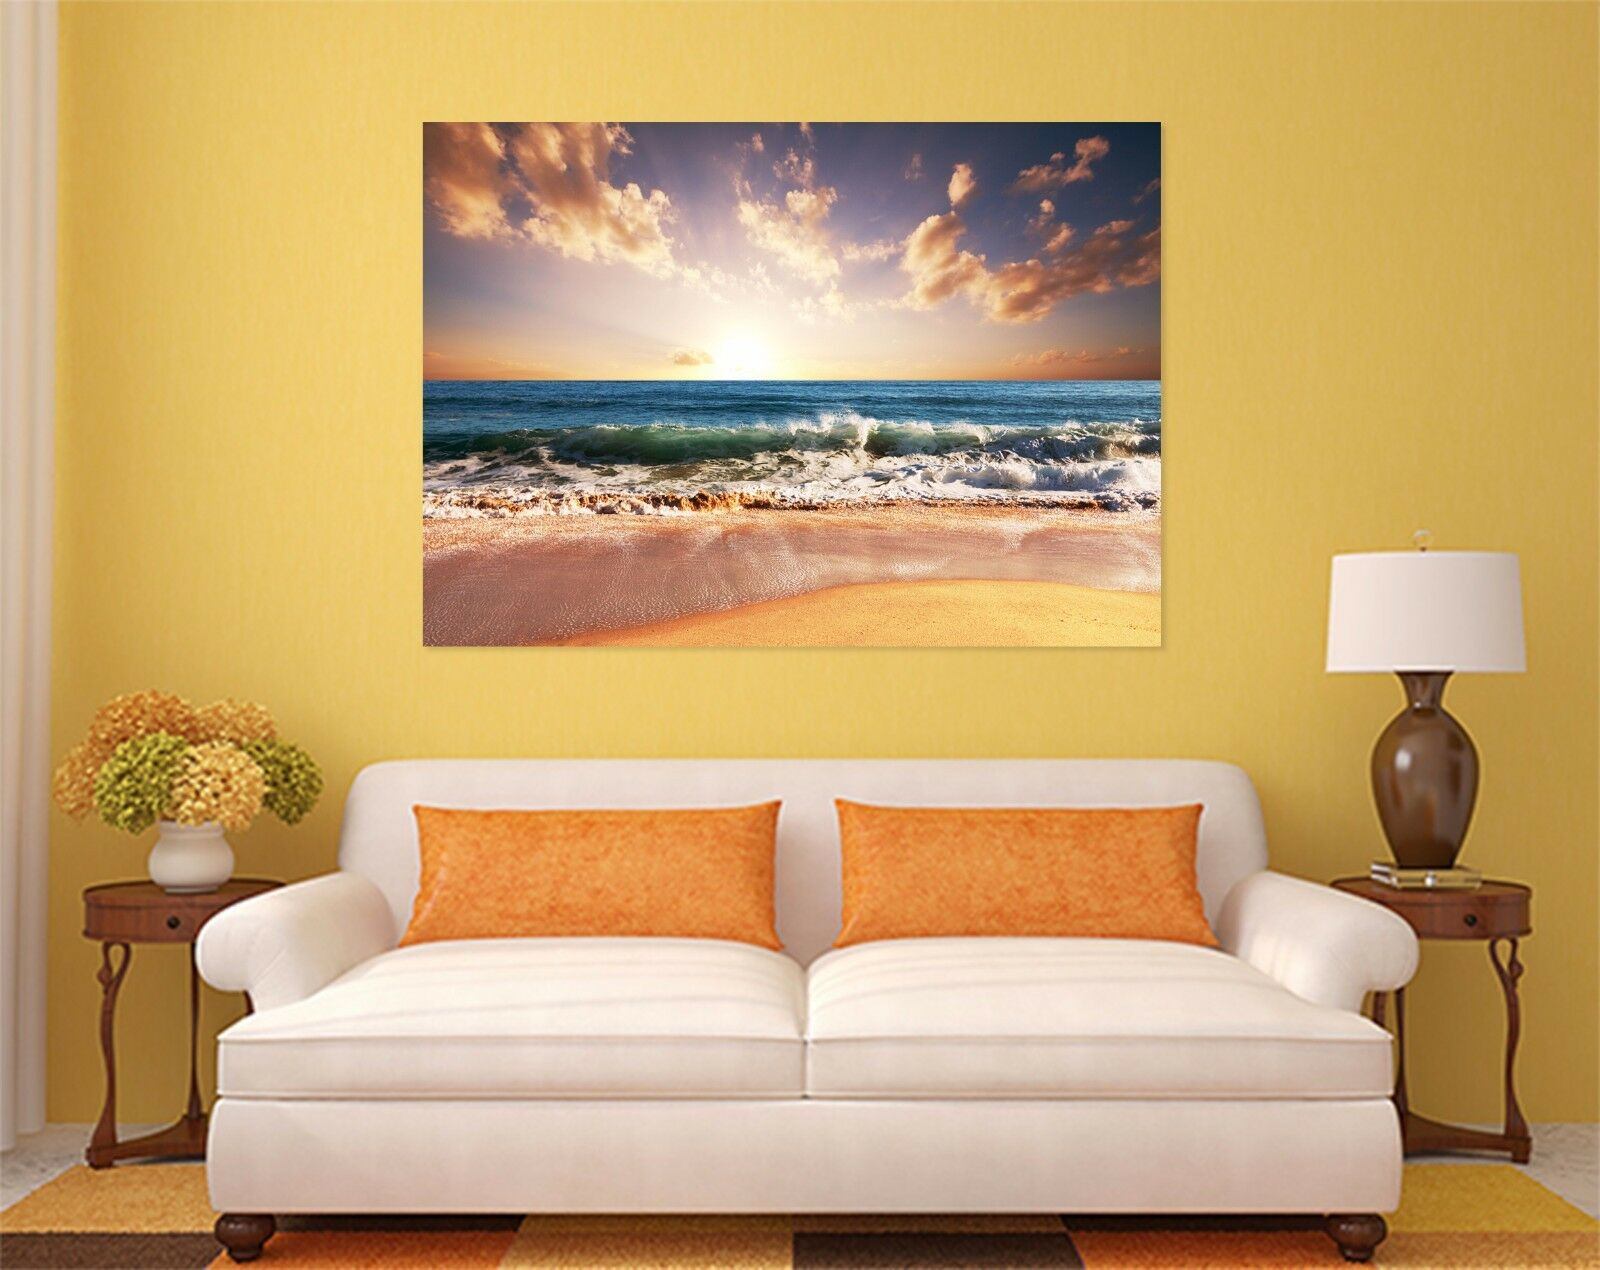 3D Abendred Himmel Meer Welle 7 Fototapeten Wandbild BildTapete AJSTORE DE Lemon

---

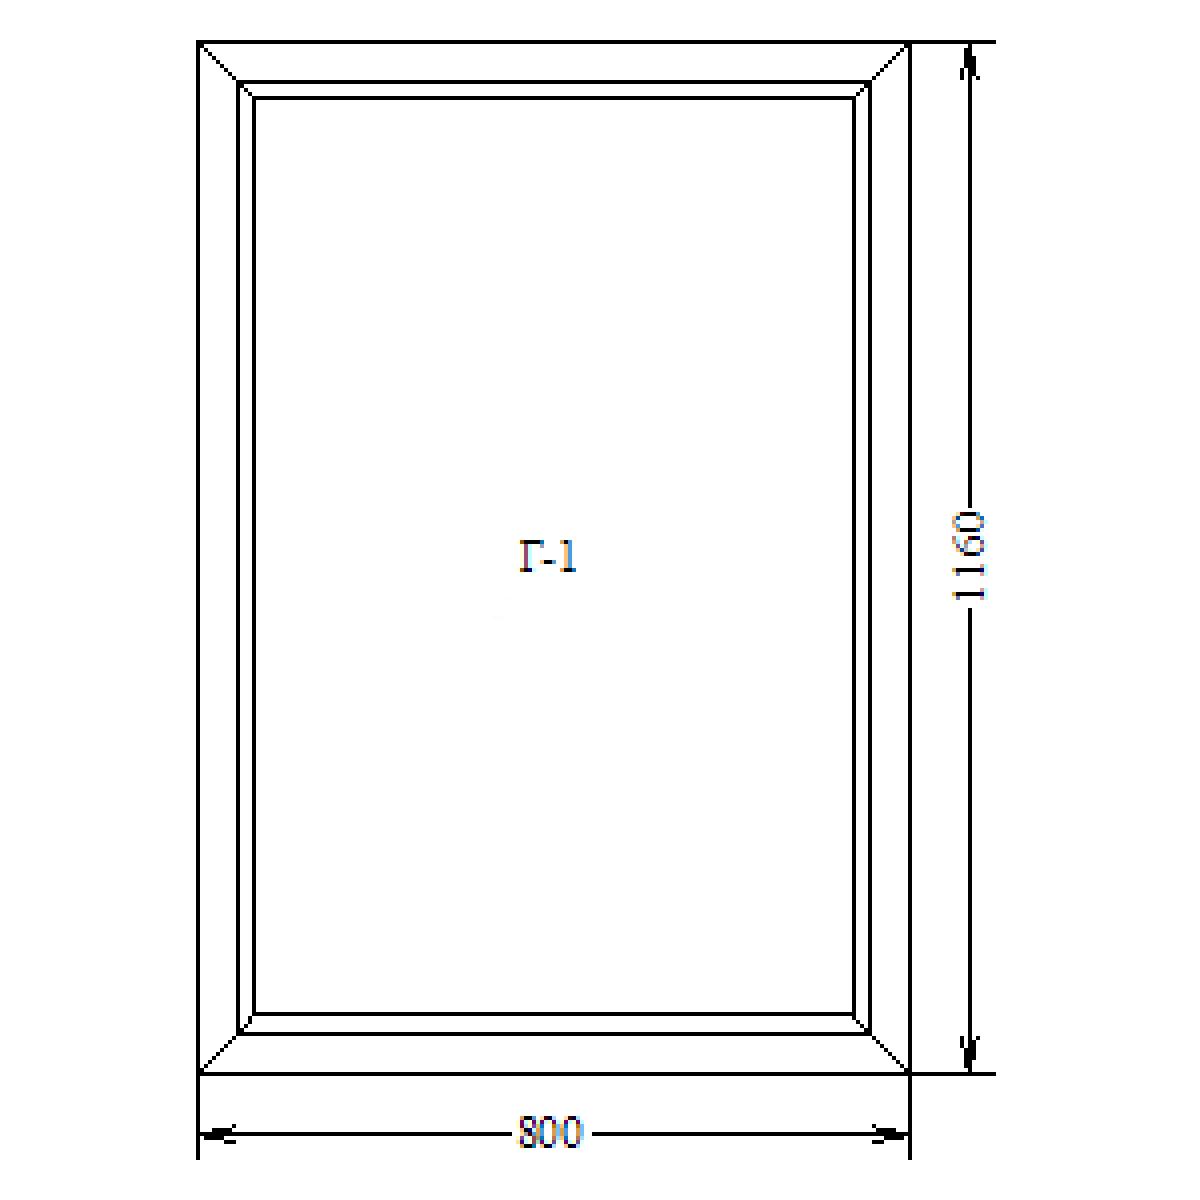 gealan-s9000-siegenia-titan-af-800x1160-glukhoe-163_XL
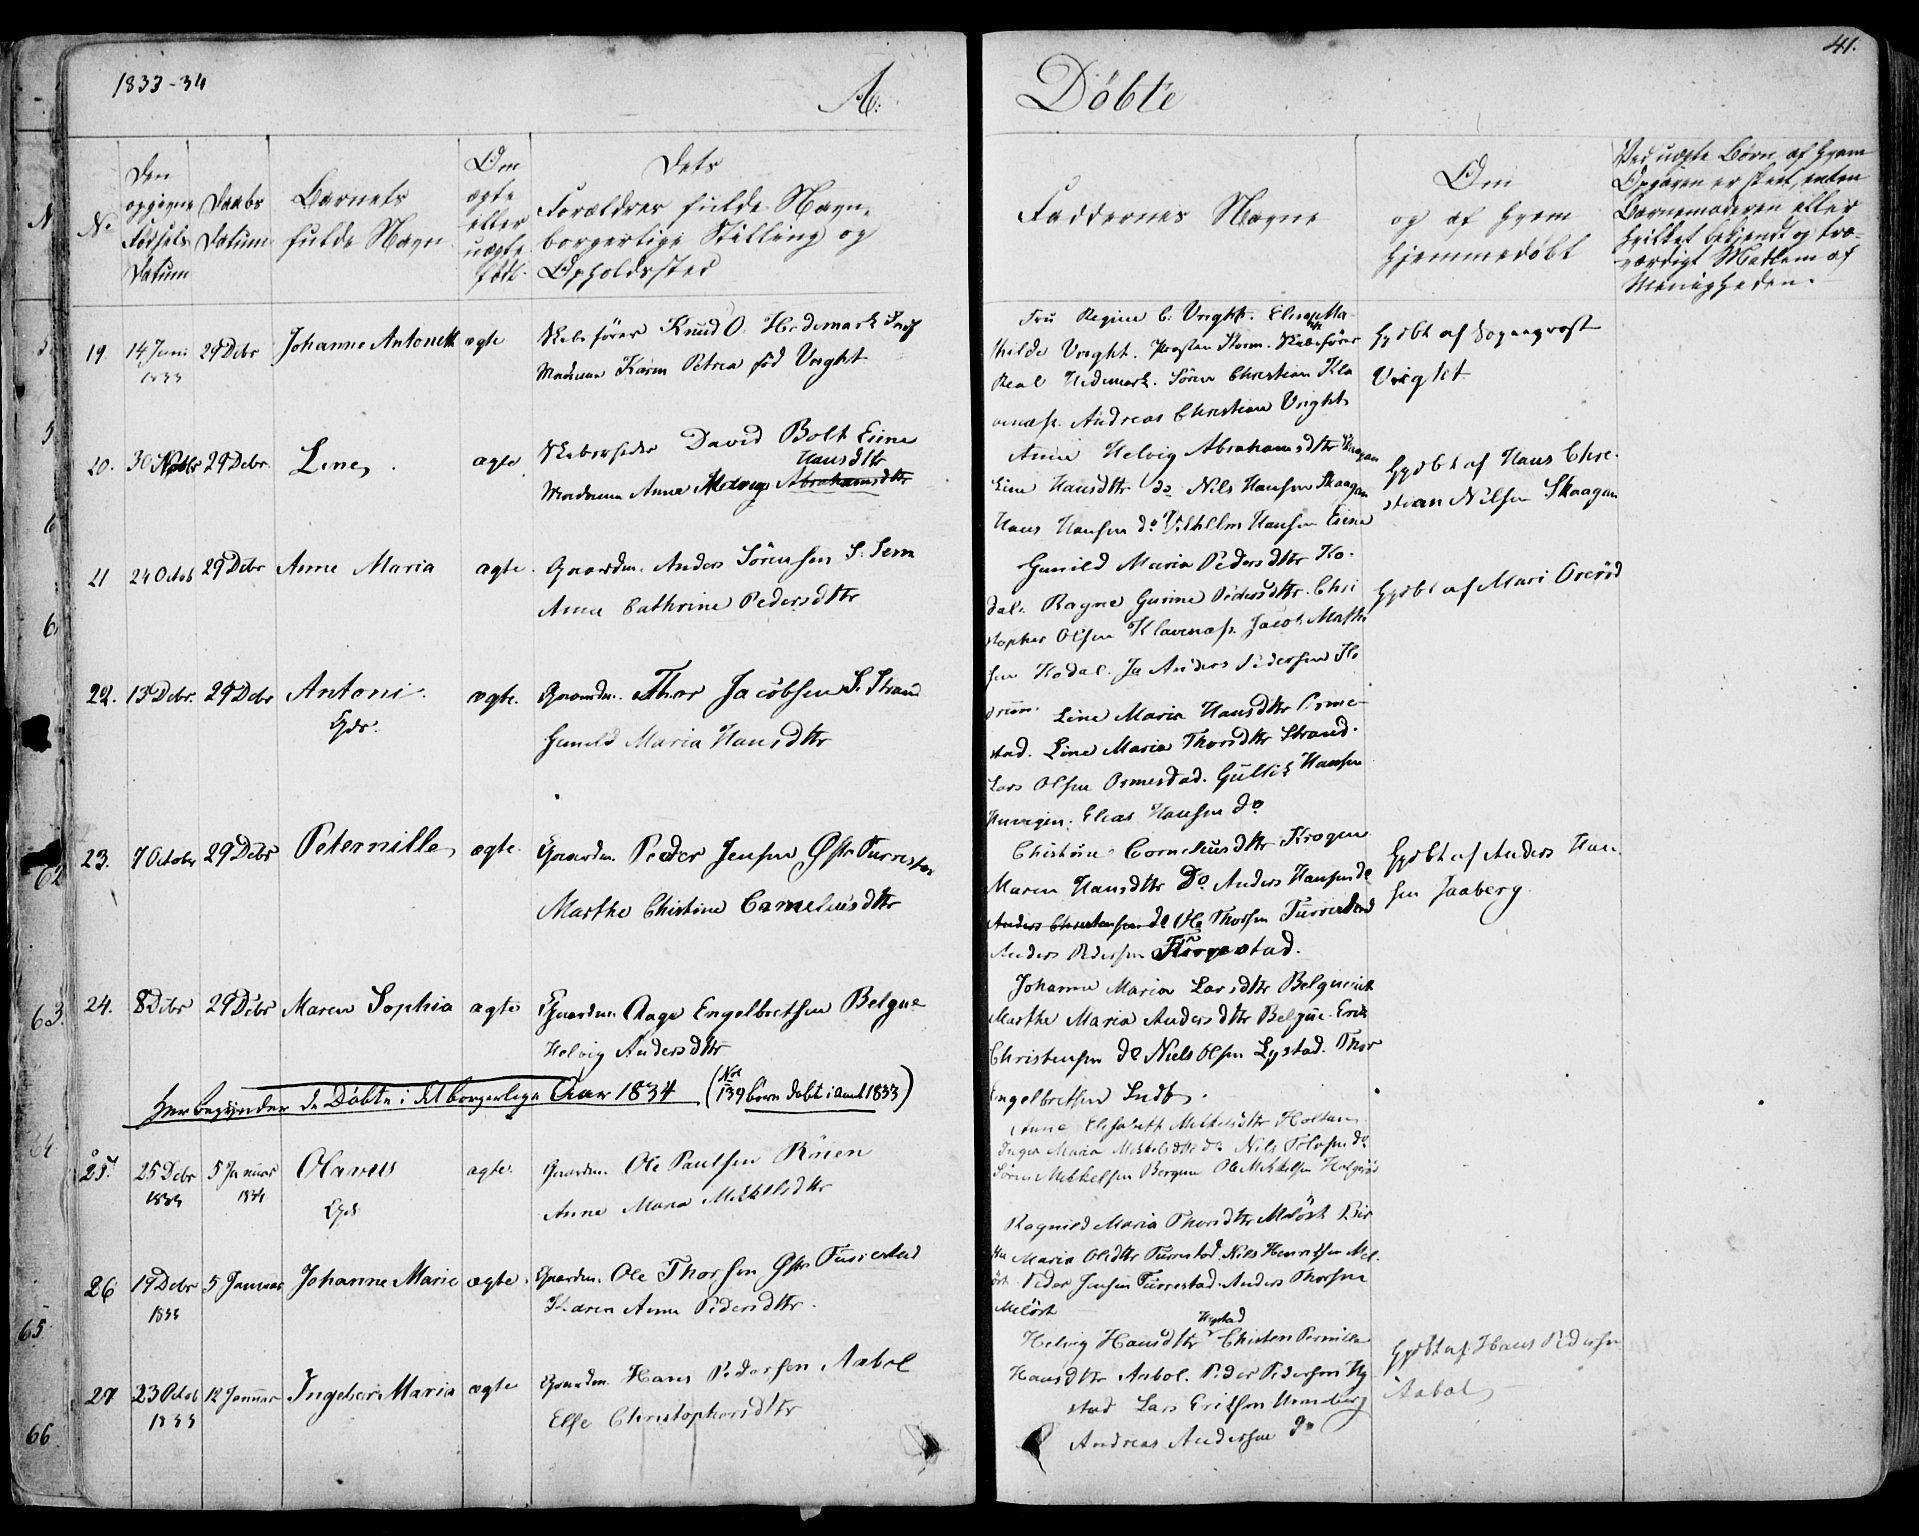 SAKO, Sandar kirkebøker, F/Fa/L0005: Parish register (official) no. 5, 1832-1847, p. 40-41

**Your instructions:** In the listing above, find the line with "gealan-s9000-siegenia-titan-af-800x1160-glukhoe-163_XL" and the line with "SAKO, Sandar kirkebøker, F/Fa/L0005: Parish". Copy both of them and every line between, exactly, but not the pictures.

**Answer space:**
 gealan-s9000-siegenia-titan-af-800x1160-glukhoe-163_XL
 SAKO, Sandar kirkebøker, F/Fa/L0005: Parish register (official) no. 5, 1832-1847, p. 40-41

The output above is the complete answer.